30 Haziran 2023 Cuma

SA10247/MT172: Bağlantısız İnsanlar: Amerika'nın Samimiyet Sorunu

   Sonsuz Ark/ Evrensel Çerçeveye Yolculuk

Sonsuz Ark'ın Notu:
Çevirisini yayınladığımız analiz, The Atlantic kıdemli editörü Isabel Fattal'a aittir ve Amerikan toplumunda gittikçe artan yalnızlaşmaya odaklanmaktadır. "Son yıllarda, Amerikalılar samimiyetten giderek daha fazla rahatsız oluyor gibi görünüyor. Neden? Ve bu eğilim tersine çevrilebilir mi?" diye soran The Atlantic editörünün de fark ettiği üzere, artık bütünlüğünü kaybetmiş bir Amerika Birleşik Devletleri'nde de benzer bütün imparatorluklarda yaşanan sonda olduğu gibi, insanların birbirine karşı derin bir güvensizlik ve klasik bir umutsuzlukla dolu olduğunu görmek mümkündür.
Seçkin Deniz, 30.06.2023, Sonsuz Ark

Disconnected People: America’s Intimacy Problem

"İnsanlar birbirlerine olan güvenlerini kaybediyor gibi görünüyor." 

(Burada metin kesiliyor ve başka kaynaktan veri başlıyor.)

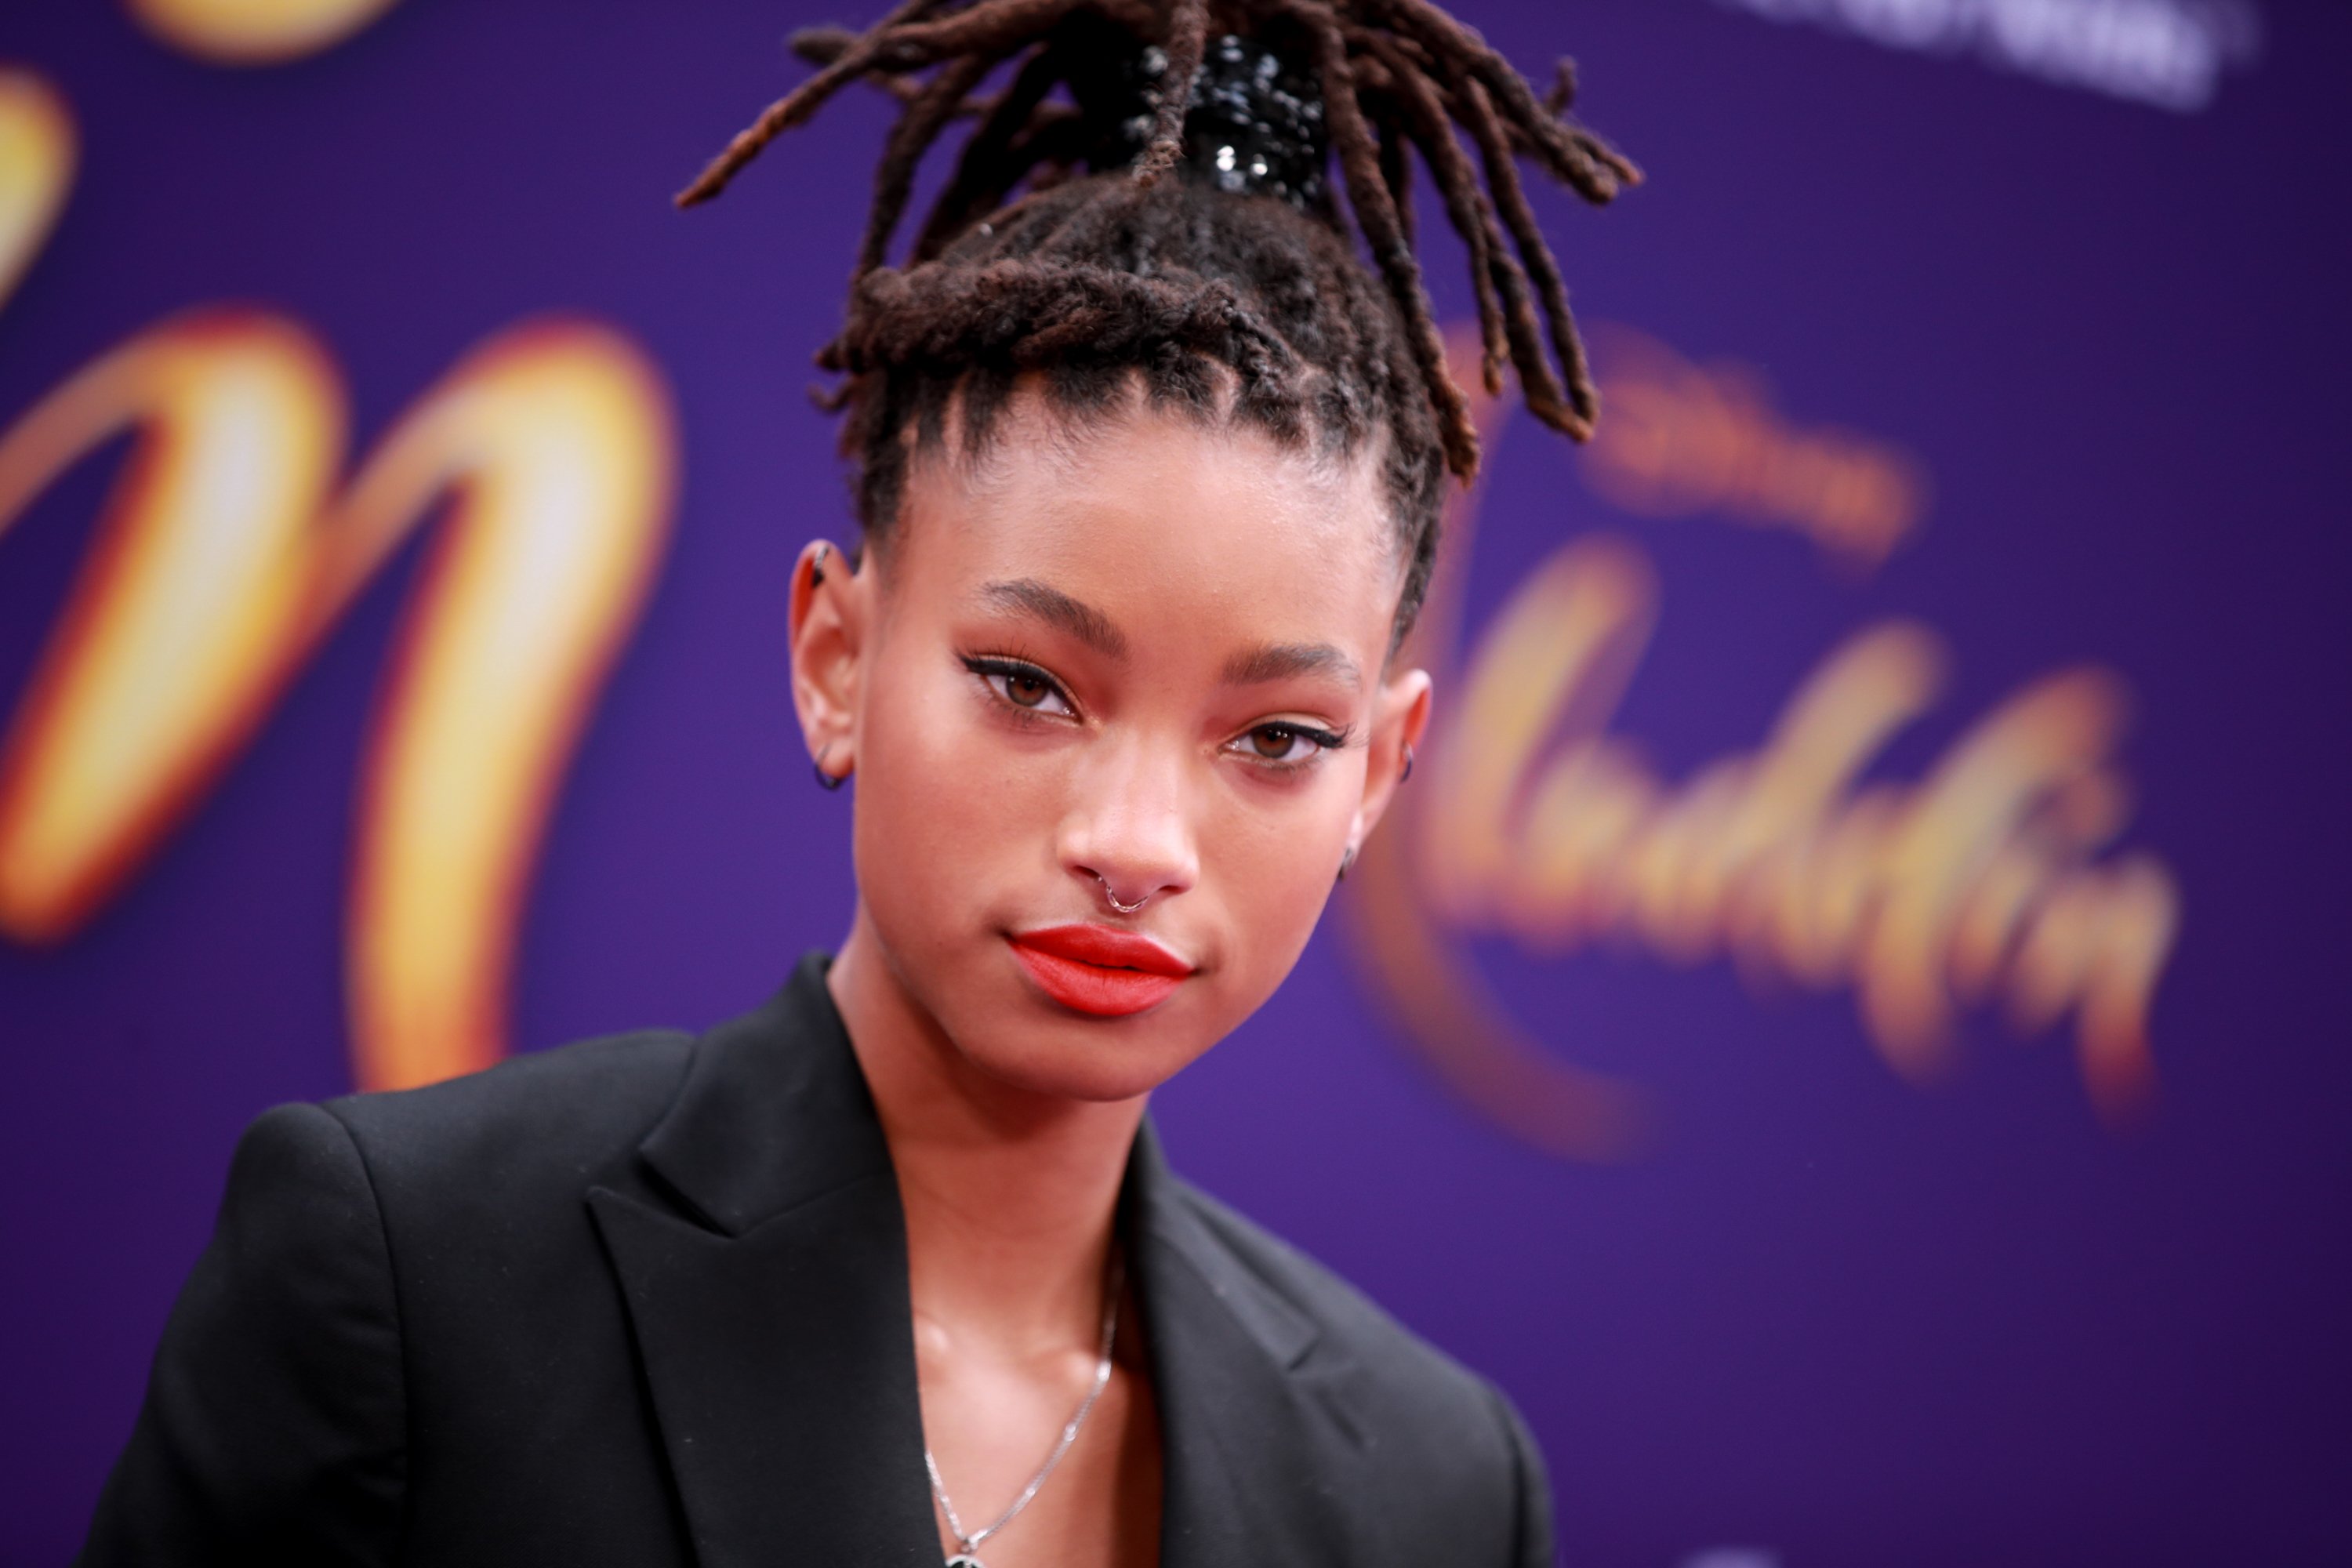 Willow Smith attends the premiere of Disney's "Aladdin" on May 21, 2019 in Los Angeles, California. | Photo: Getty Images
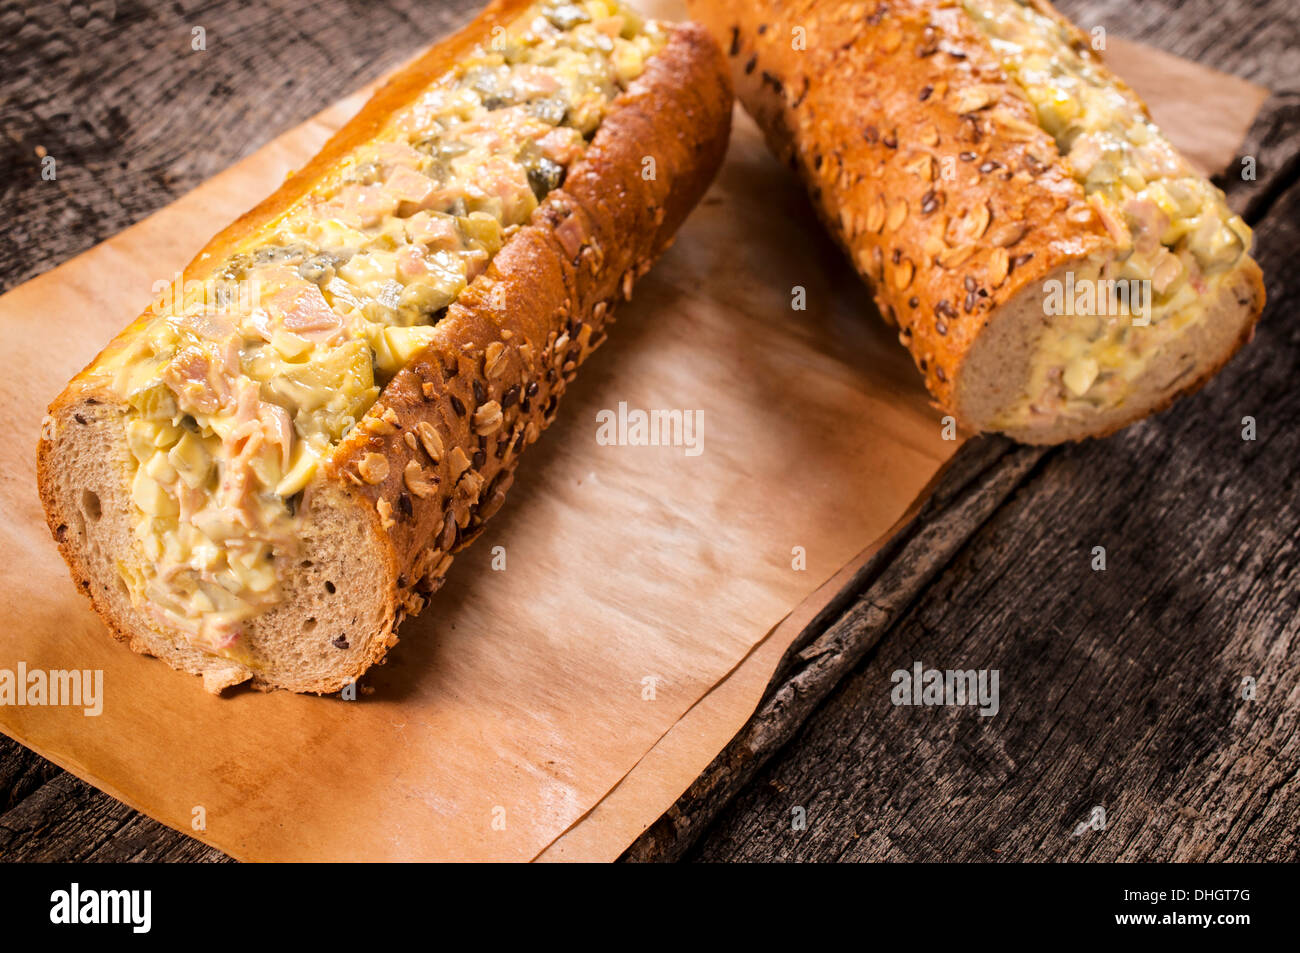 Two big sandwiches with Russian salad.Selective focus on the left sandwich  Stock Photo

Meslektaşım Faith Hill, 20 yılı aşkın deneyime sahip bir terapist olan Michael Hilgers ile kısa bir süre önce röportaj yaptığında, Amerika'daki samimi yakınlık kurma konusunda endişe verici bir tablo çizdi: “İnsanların ne kadar kopuk olduğunu izlemek acı verici" dedi. Hilgers, danışanların derin sosyal bağlantılar kurmak istediğini hissedebilse bile, "oraya nasıl ulaşılacağı konusunda çok fazla kafa karışıklığı ve korku var" dedi.


(Norman Posselt / fStop / Getty)

Amerika'nın güvensiz bağlanma çağında olduğu söylenebilir.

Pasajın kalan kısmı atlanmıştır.